Introduction: In aggregate, existing data quality (DQ) checks are currently represented in heterogeneous formats, making it difficult to compare, categorize, and index checks. This study contributes a data element-function conceptual model to facilitate the categorization and indexing of DQ checks and explores the feasibility of leveraging natural language processing (NLP) for scalable acquisition of knowledge of common data elements and functions from DQ checks narratives.
Methods: The model defines a "data element", the primary focus of the check, and a "function", the qualitative or quantitative measure over a data element. We applied NLP techniques to extract both from 172 checks for Observational Health Data Sciences and Informatics (OHDSI) and 3,434 checks for Kaiser Permanente's Center for Effectiveness and Safety Research (CESR).
Results: The model was able to classify all checks. A total of 751 unique data elements and 24 unique functions were extracted.
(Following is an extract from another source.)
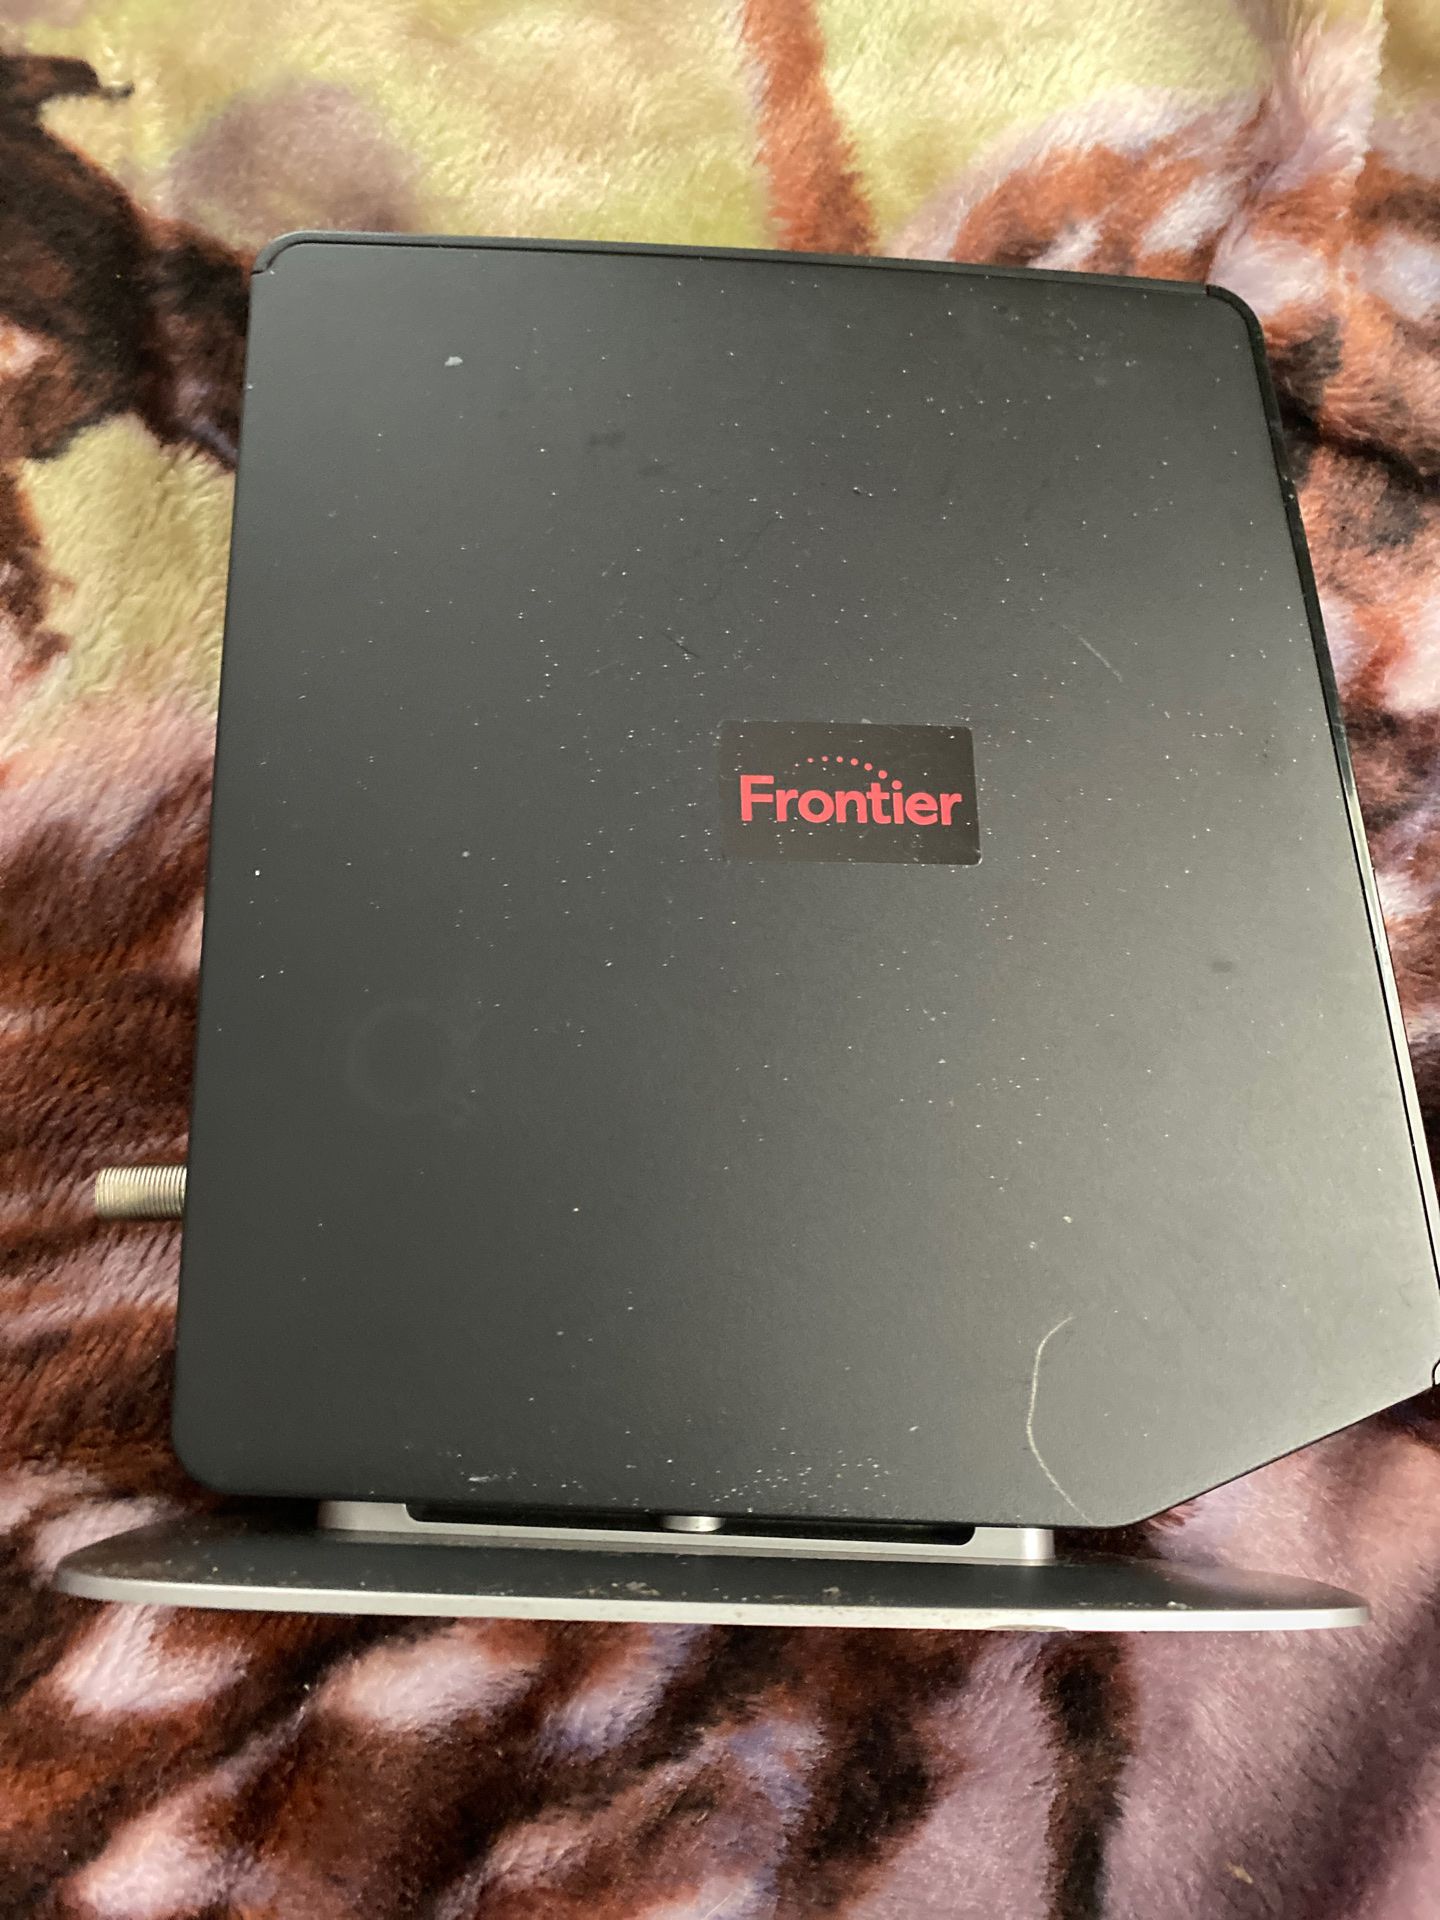 Frontier WiFi router own outright and not pay monthly for your router. Paid over 250.00 only thing missing is dc cord 12 v very easy to get.

The top five frequent data element-function pairings for OHDSI were Person-Count (55 checks), Insurance-Distribution (17), Medication-Count (16), Condition-Count (14), and Observations-Count (13); for CESR, they were Medication-Variable Type (175), Medication-Missing (172), Medication-Existence (152), Medication-Count (127), and Socioeconomic Factors-Variable Type (114).
Conclusions: This study shows the efficacy of the data element-function conceptual model for classifying DQ checks, demonstrates early promise of NLP-assisted knowledge acquisition, and reveals the great heterogeneity in the focus in DQ checks, confirming variation in intrinsic checks and use-case specific "fitness-for-use" checks.